Sensor Planning for Bayesian Nonparametric Target Modeling

Bayesian nonparametric models, such as the Gaussian process and the Dirichlet process, have been extensively applied for target kinematics modeling in various applications including environmental monitoring, traffic planning, endangered species tracking, dynamic scene analysis, autonomous robot navigation, and human motion modeling. As shown by these successful applications, Bayesian nonparametric models are able to adjust their complexities adaptively from data as necessary, and are resistant to overfitting or underfitting.

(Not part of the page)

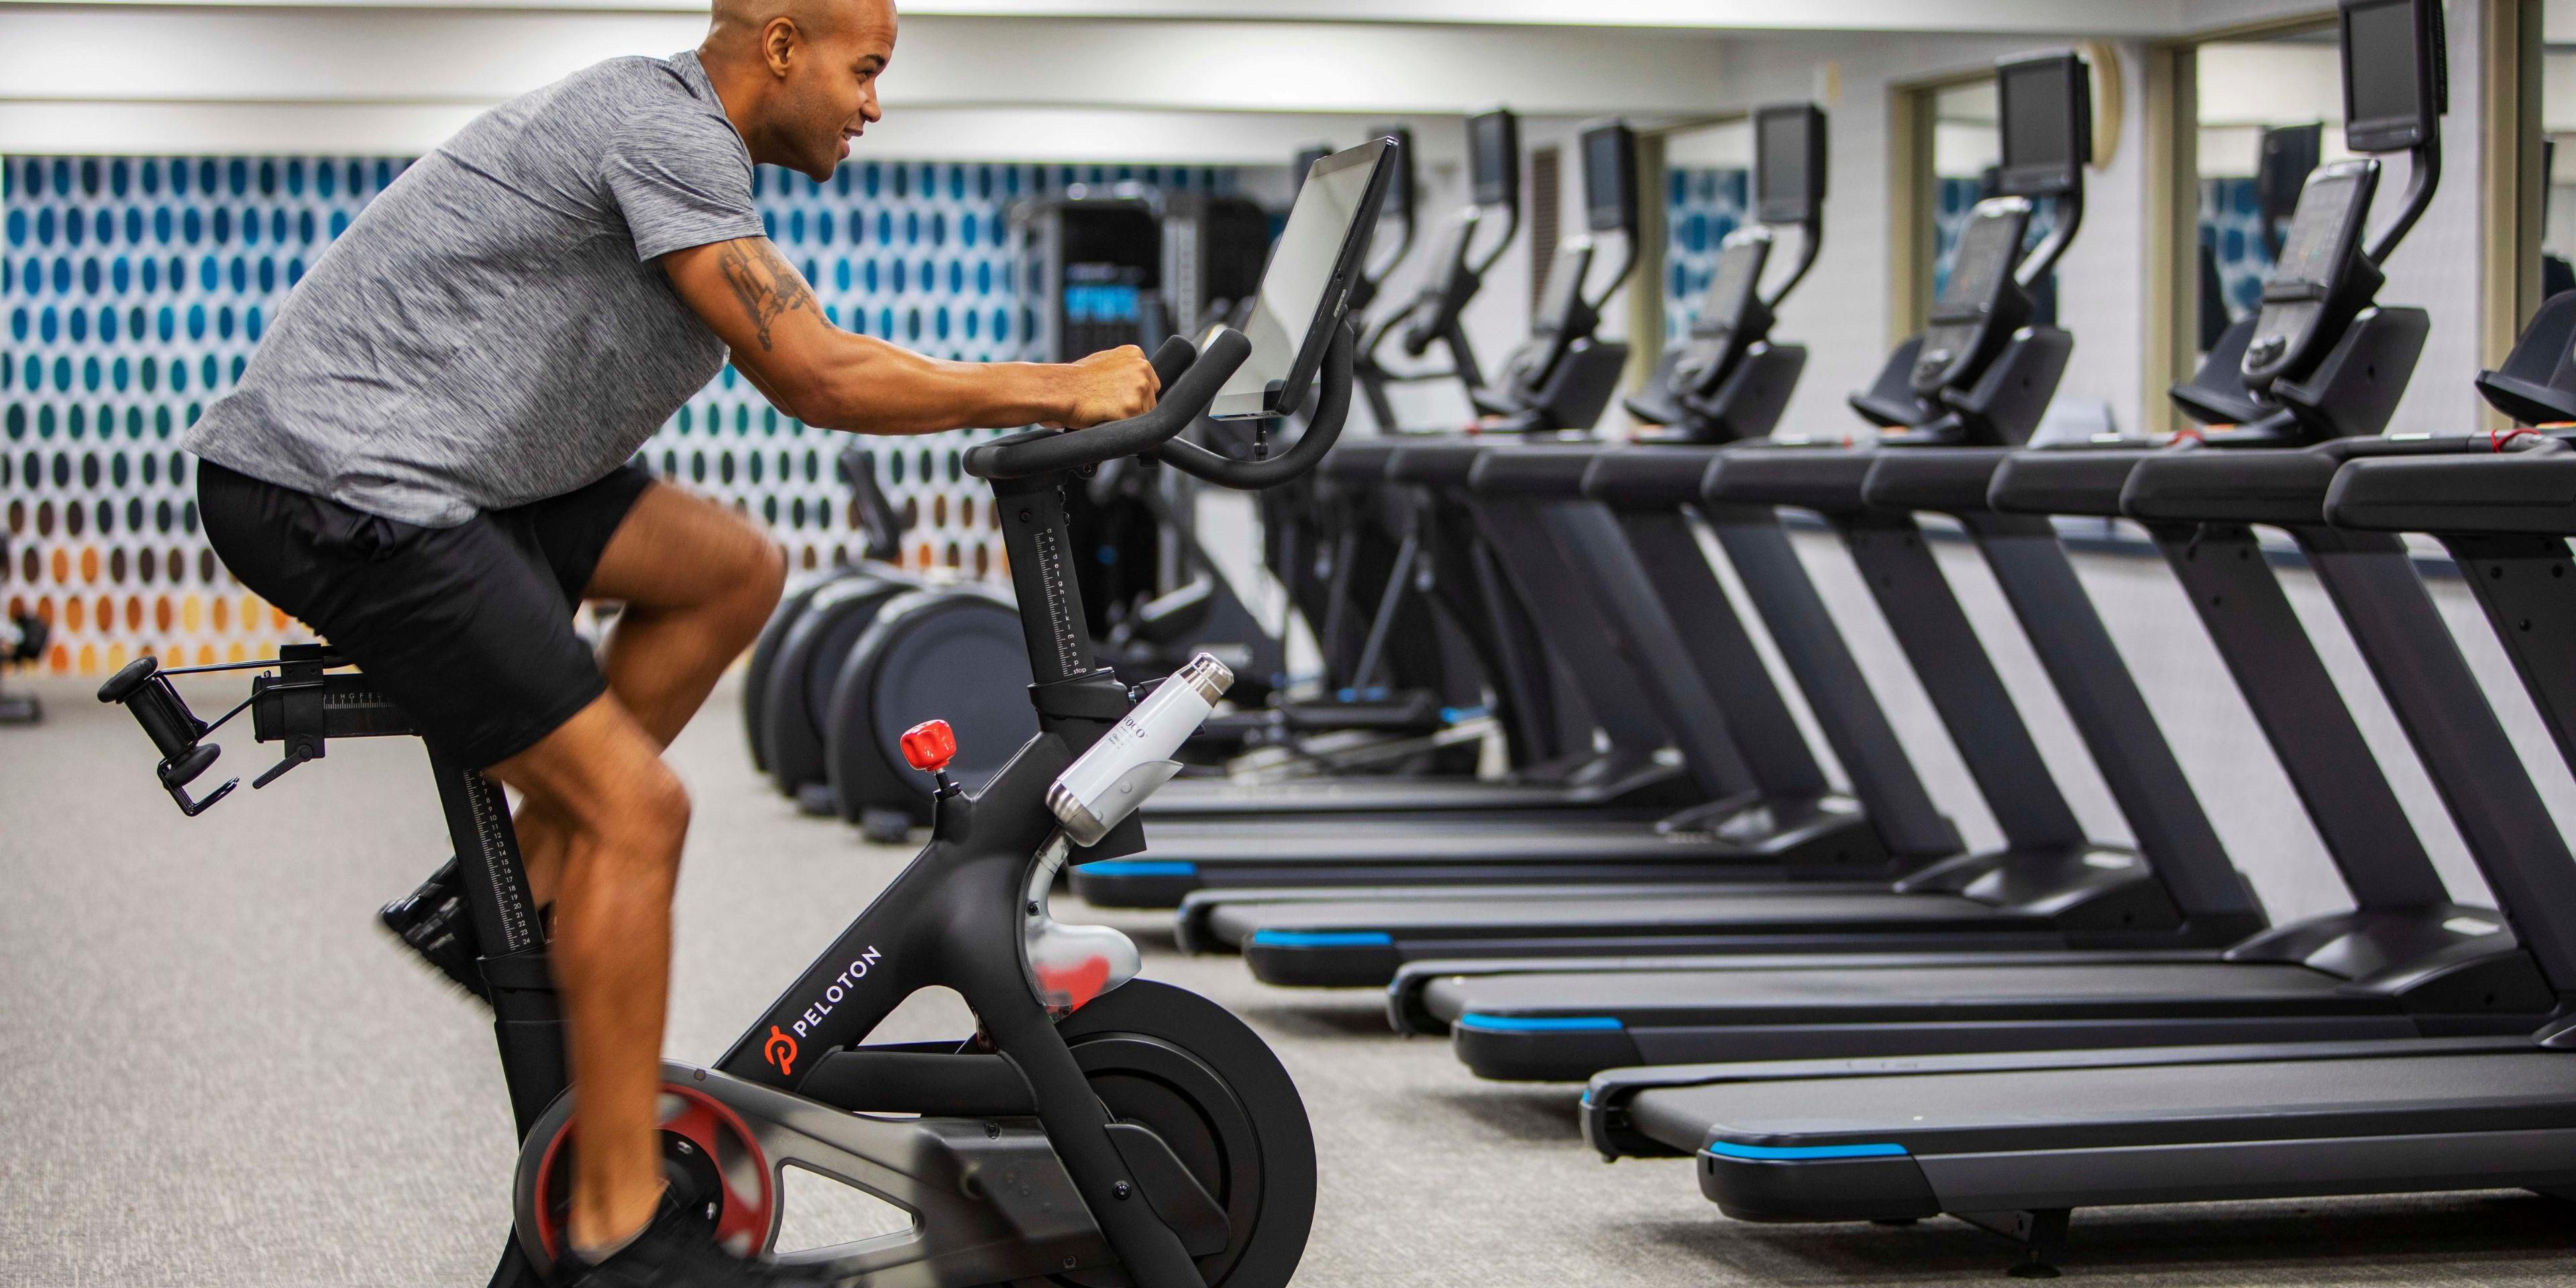 Peloton? Check. Treadmills? Check. Free weights? Check. Stay in shape on business and vacation trips our 24-hour fitness center and step into the sauna for some post-workout heat therapy. You'll feel ready and energized to explore our Chicago neighborhood.
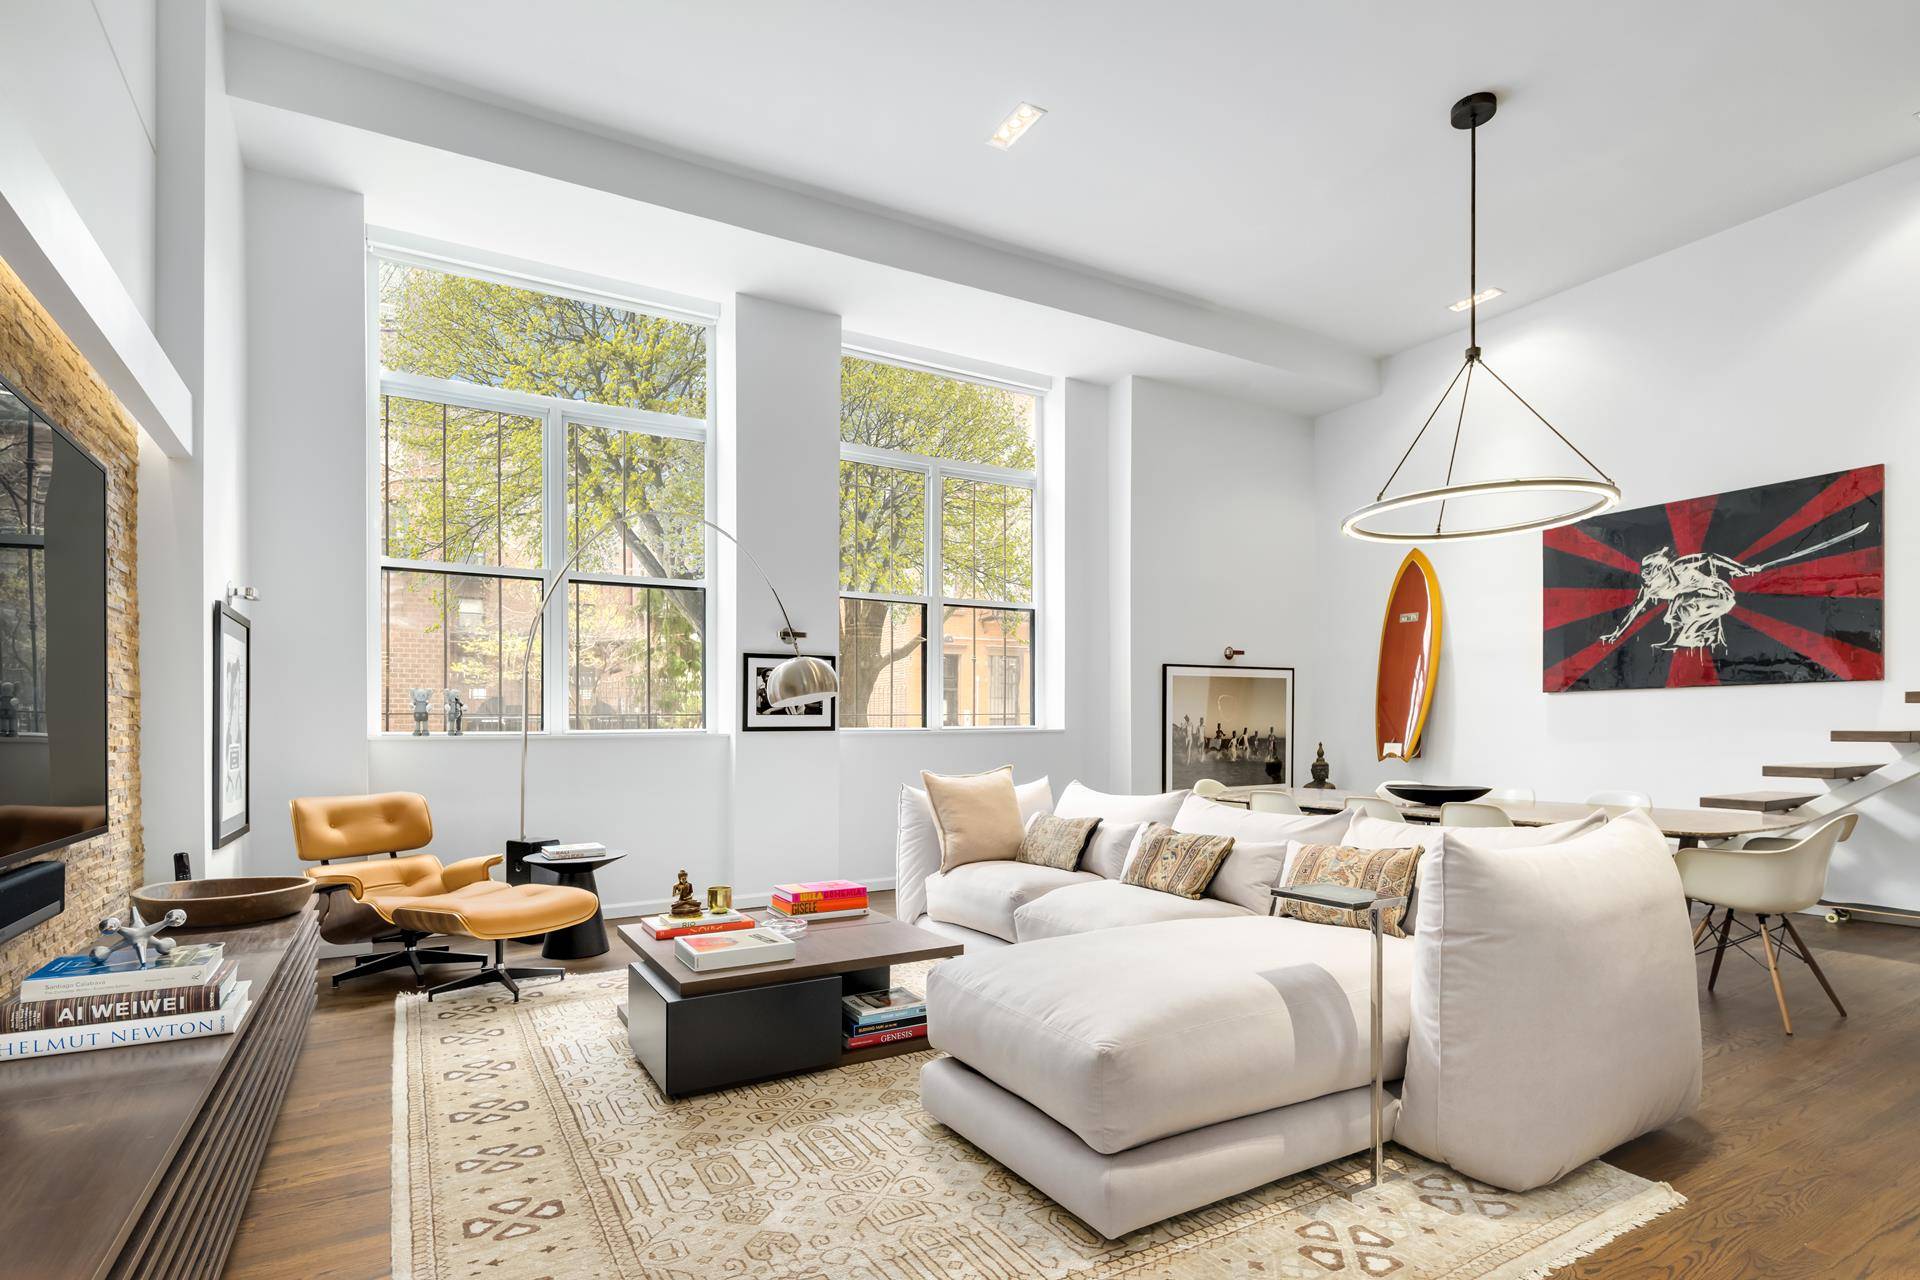 A Truly One of a Kind 1 or 2 Bedroom Loft Apartment with 2 Full Bathrooms in the Heart of West Village !

However, most existing works assume that the sensor measurements used to learn the Bayesian nonparametric target kinematics models are obtained a priori or that the target kinematics can be measured by the sensor at any given time throughout the task. Little work has been done for controlling the sensor with bounded field of view to obtain measurements of mobile targets that are most informative for reducing the uncertainty of the Bayesian nonparametric models. To present the systematic sensor planning approach to leaning Bayesian nonparametric models, the Gaussian process target kinematics model is introduced at first, which is capable of describing time-invariant spatial phenomena, such as ocean currents, temperature distributions and wind velocity fields. The Dirichlet process-Gaussian process target kinematics model is subsequently discussed for modeling mixture of mobile targets, such as pedestrian motion patterns.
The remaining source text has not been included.